I went to the women's soccer game last night. That was really cool. Then today I volunteered at a local homeless shelter with a couple of other people from one of the student organizations I'm involved with. That was a pretty good time too, and it gave me something to do today, which was the real goal.

That's pretty much my week in review. Just trying to stay busy. My faithful readers are all updated now.

Monday, September 10, 2007

I Guess That Was A Bad Idea

I've been working on learning my spanish vocabulary because the first quiz is on Thursday. I have had trouble remembering the word for floor, so I had this brilliant idea. I decided that I could write the word, "el piso" on the floor in dry erase marker, then I would see it and make the association. I tested a little mark on the floor to make sure the marker would come off, and it did. I then proceeded to write "el piso" on my floor. I went away, and when I checked it later it would not come off. I ended up getting it off with my clorox bleach pen,but maybe that wasn't such a brilliant idea. However, I do remember the word now.

Saturday, September 8, 2007

Not So Exciting City Life

Well it is the weekend, which in university terms means no classes. I have come to realize that most people that go to the University of Akron choose it because they live near by. That means that they all go home on the weekends. It is really weird to walk around campus and only pass a few people when during the week there are roughly 24,000 students bopping around.
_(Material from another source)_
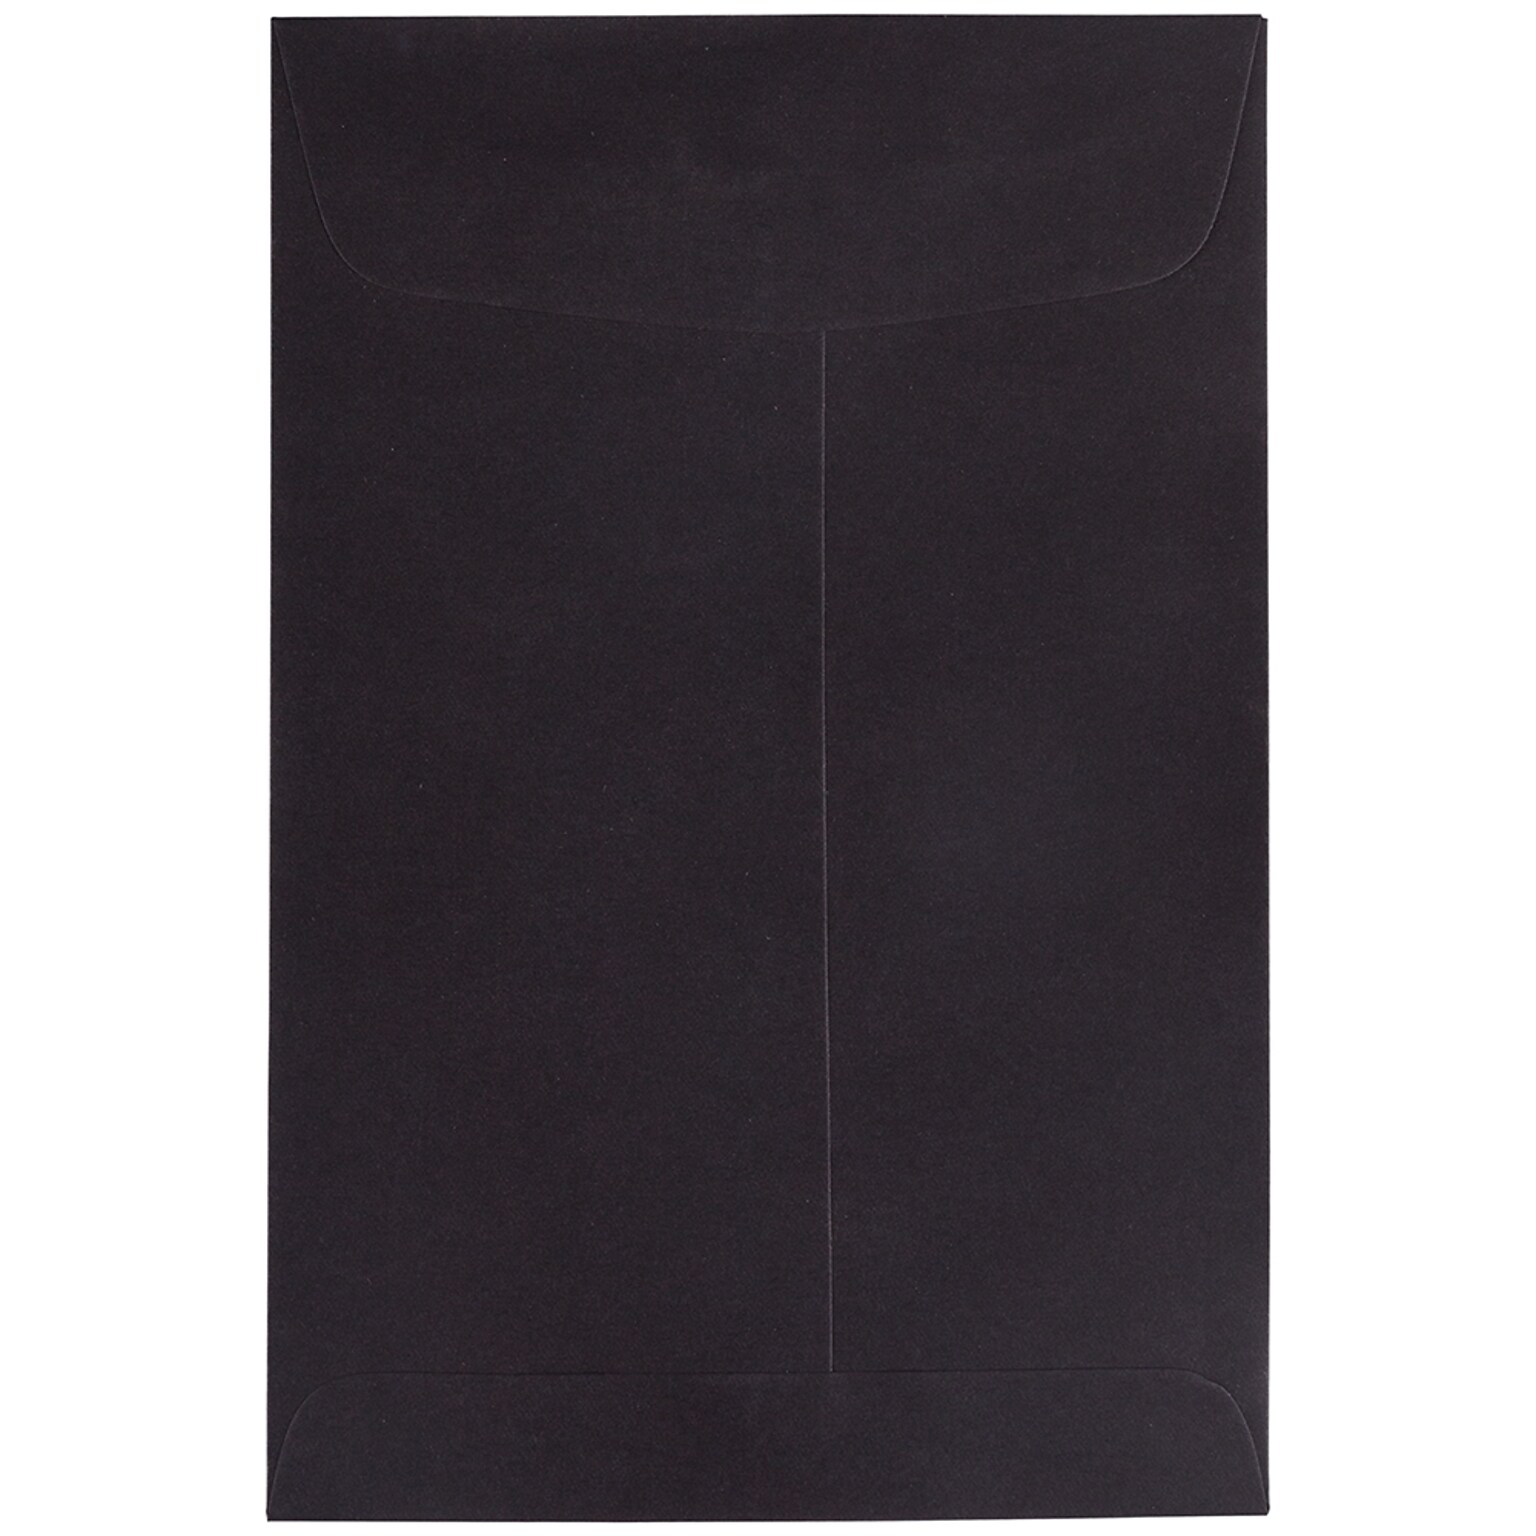 JAM Paper 6 x 9 Open End Catalog Envelopes, Black, 10/Pack (88095B)

Since I am not one of the fortunate ones that gets to return home every weekend, I have to find something to occupy my time with here. There is of course some homework and reading that I could do to prepare for classes next week, but I didn't want to do that the whole weekend. I decided that to kill some time I would head out into the big city and see what I could find. So I left campus and headed for the really big buildings, but when I got there I found a whole lot of nothing going on. There were some bars and hole in the wall restaurants, but not much more than that. Oh, and there was a Farmer's Market. What could be more exciting than a Famer's Market? Ha.

As I was walking around I saw a car pass that looked like Eddy. It made me wish that I had a car now. If I had a car maybe I could at least find a Wal-Mart or some other recognizable business, but alas I have no car, and no Wal-Mart. What is a girl to do?
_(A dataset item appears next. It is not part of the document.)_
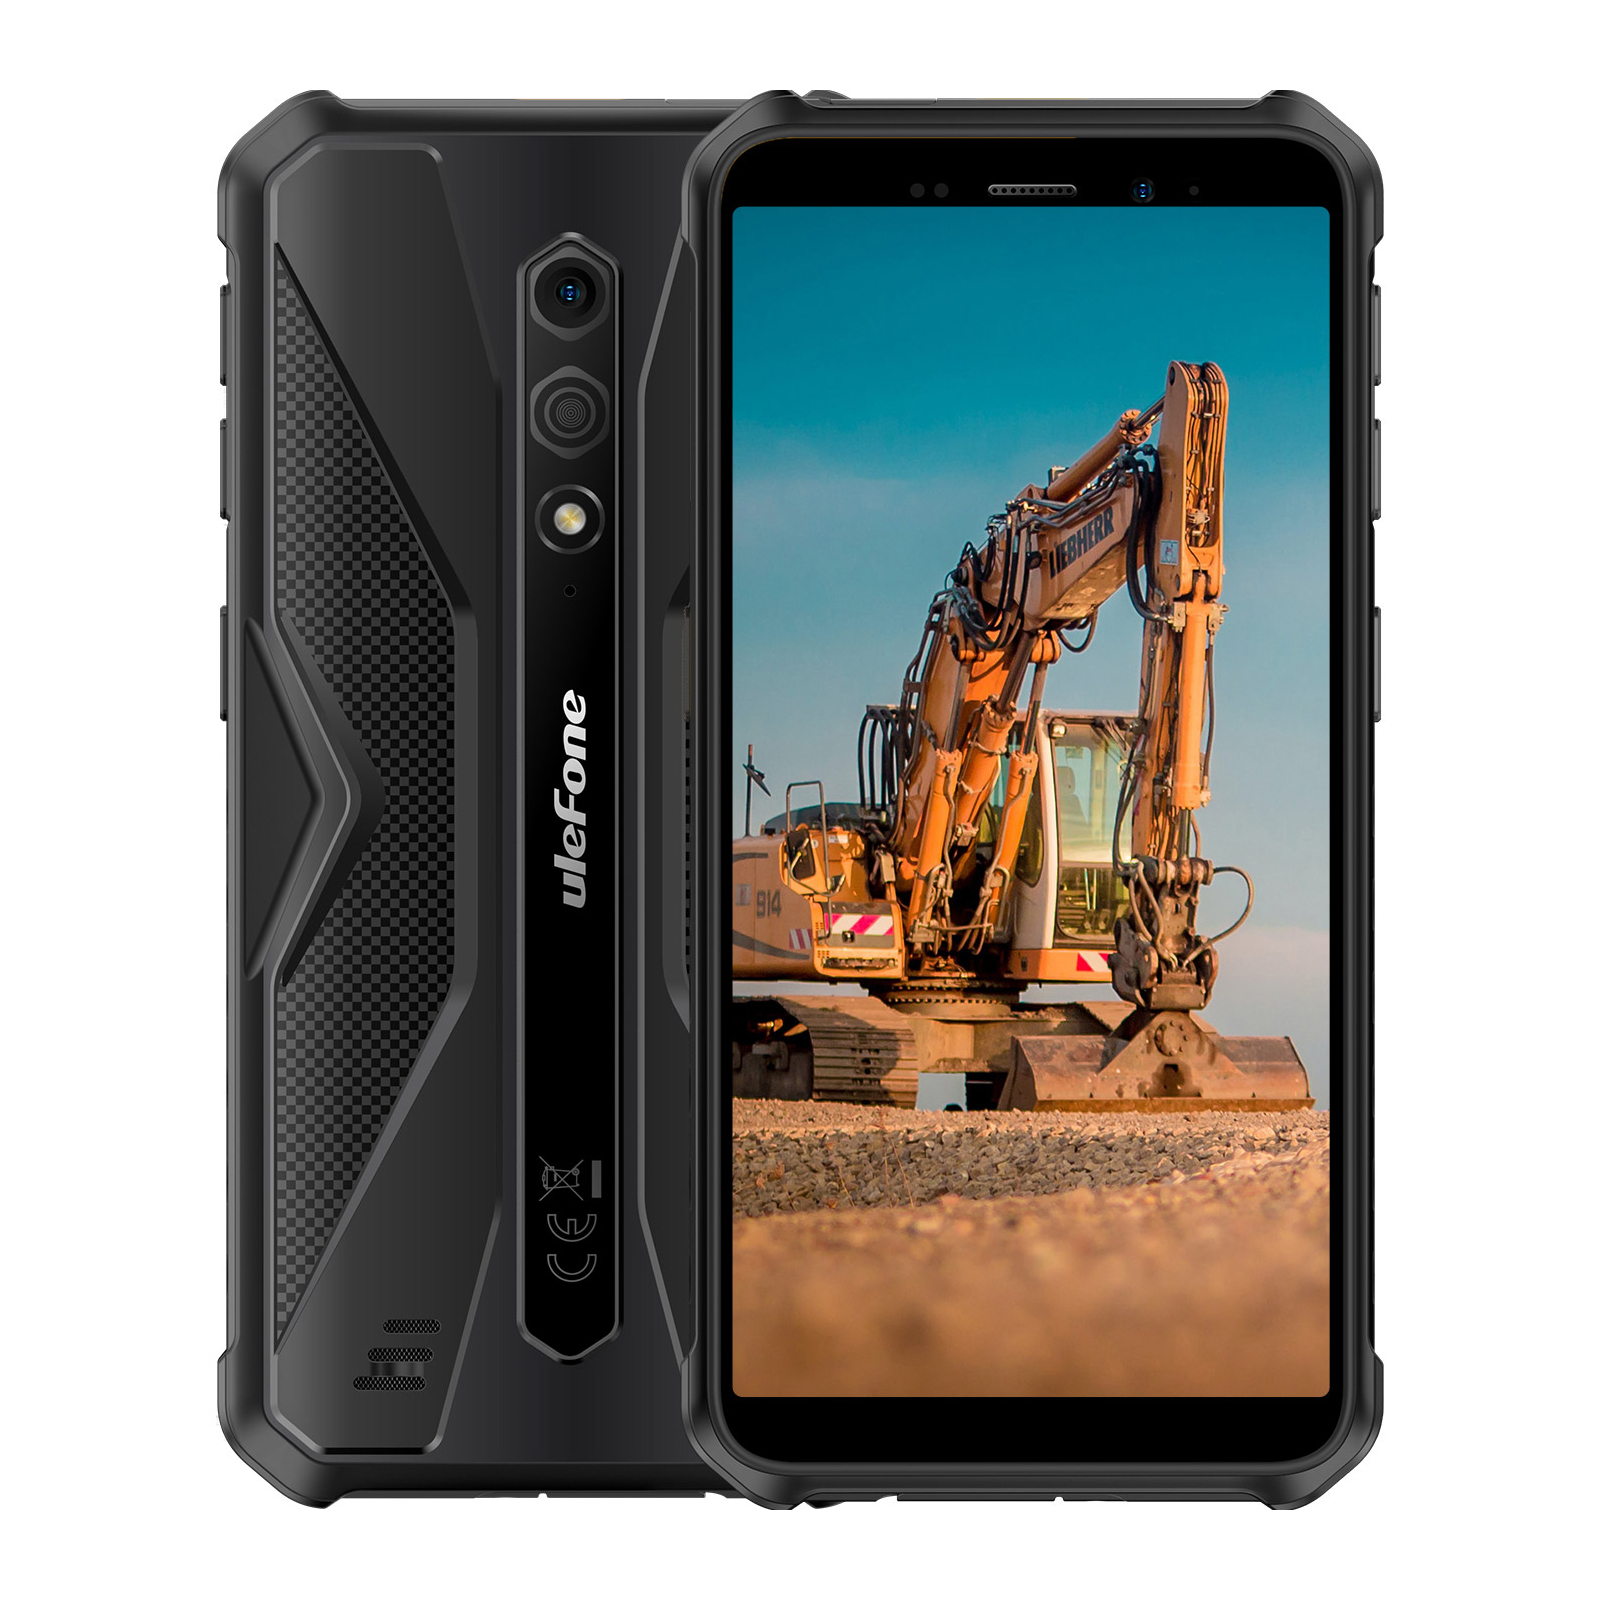 Мобильный телефон Ulefone Armor X12 3/32Gb Black Green (6937748735632)

I did work out today after my hike around Akron, but I've pretty much exausted all of my options. I will probably have to resort to doing homework now. I guess big city life isn't really all it's made out to be.
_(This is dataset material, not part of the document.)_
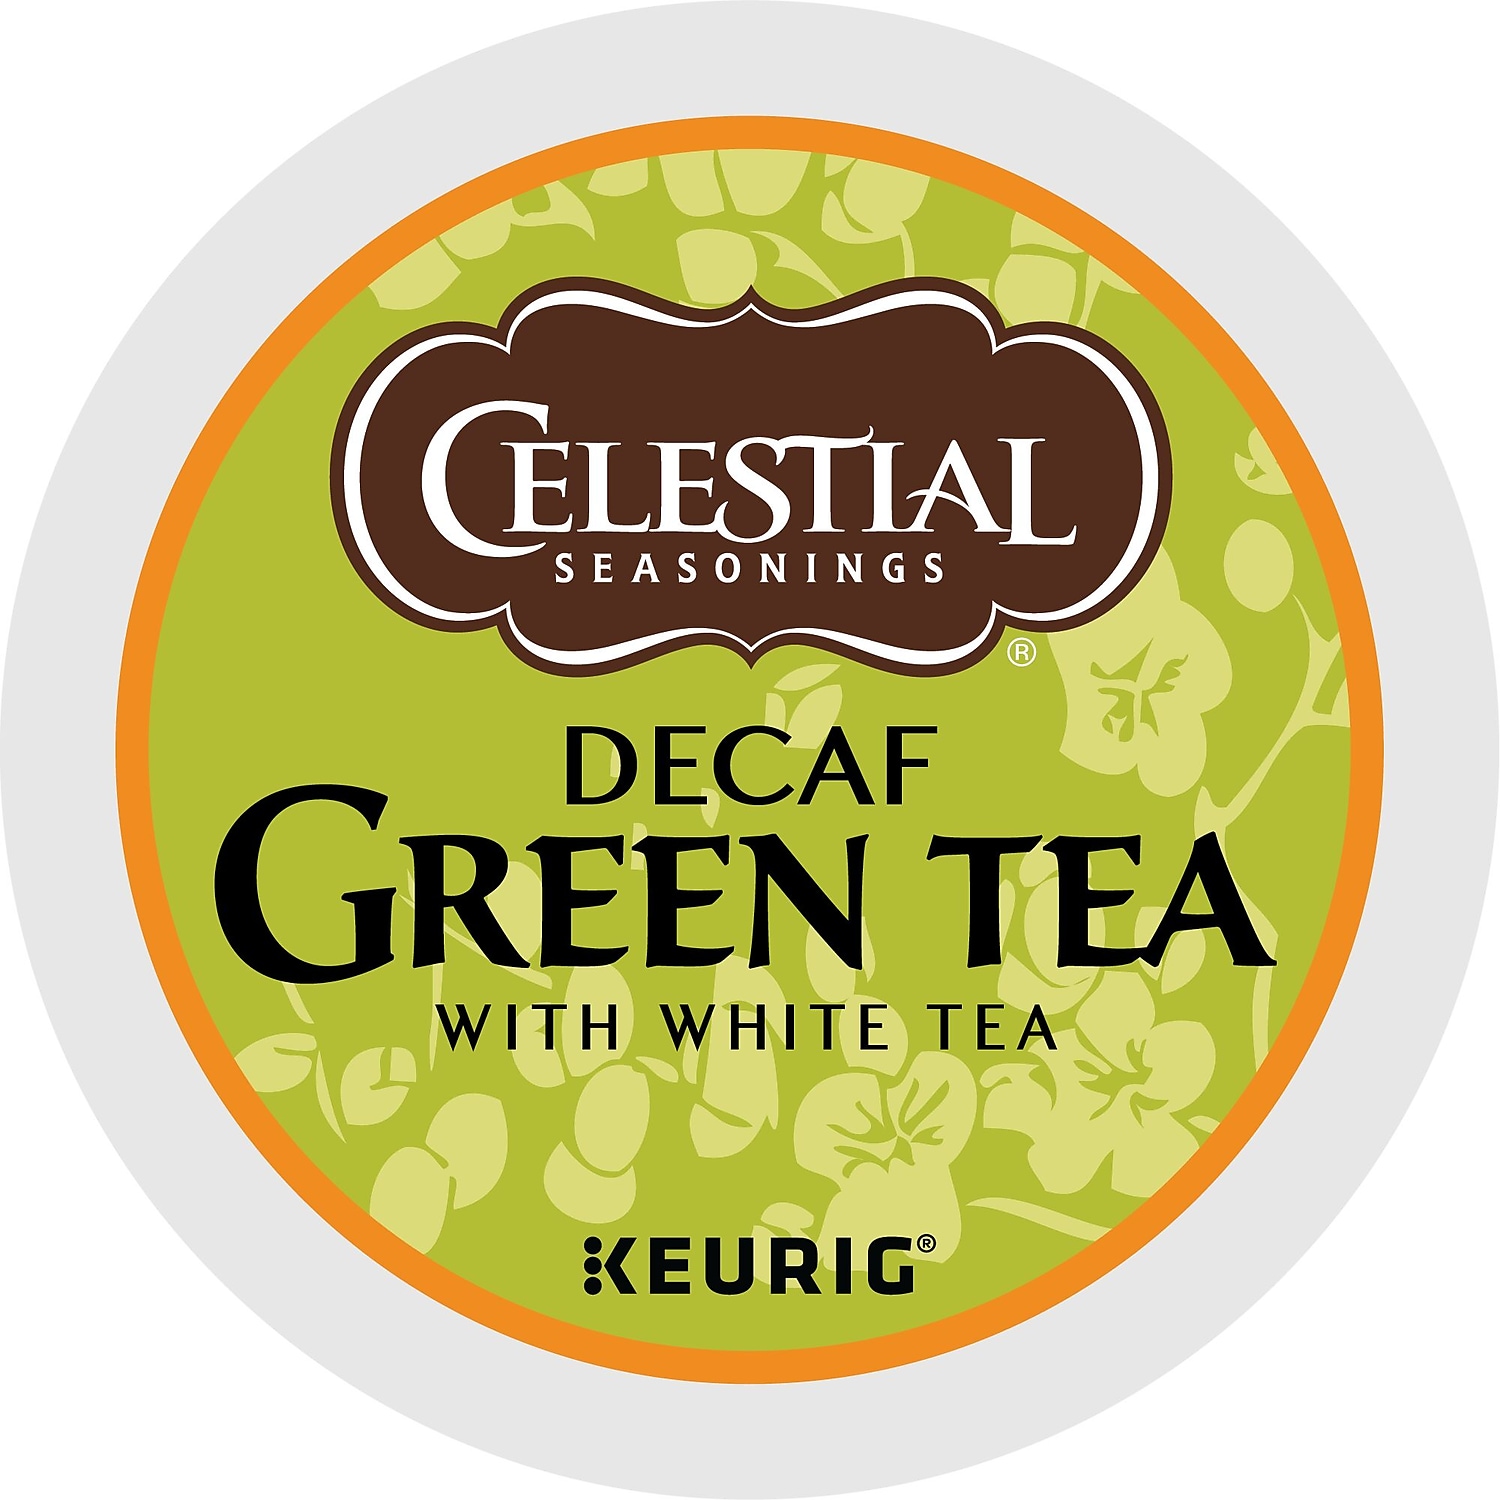 Celestial Seasonings Green Tea Decaf Keurig K-Cup Pods 24/Box 14737 - image 3 of 6

Thursday, September 6, 2007

Happy Birthday

Happy 14th Birthday to El Nerdo Grande (ha ha, I make myself laugh)




Tuesday, September 4, 2007

A Wonderful Weekend

I had been anticipating coming home for the weekend all last week, and my expectations were met. I have had a super fun time and I got to catch up with somethings the I had missed even being away only a week. I was able to go to a soccer game, a cross country meet this evening, a smokin' hot bon fire, and just do the whole "hanging out" thing. Now I am sad to say that the weekend has come to an end, but I suppose it is time to go back to school.

I consider last weeks absence sort of a pre- leaving for college time because now it is going to be quite a bit longer than a week before I am scheduled to visit again. I still need you guys to pray for me. I need all the help I can get. But I do want to say thanks to everyone for making this weekend great. I will miss you guys, and I can't wait to see you again. Until then, I'll try to keep updating regularly.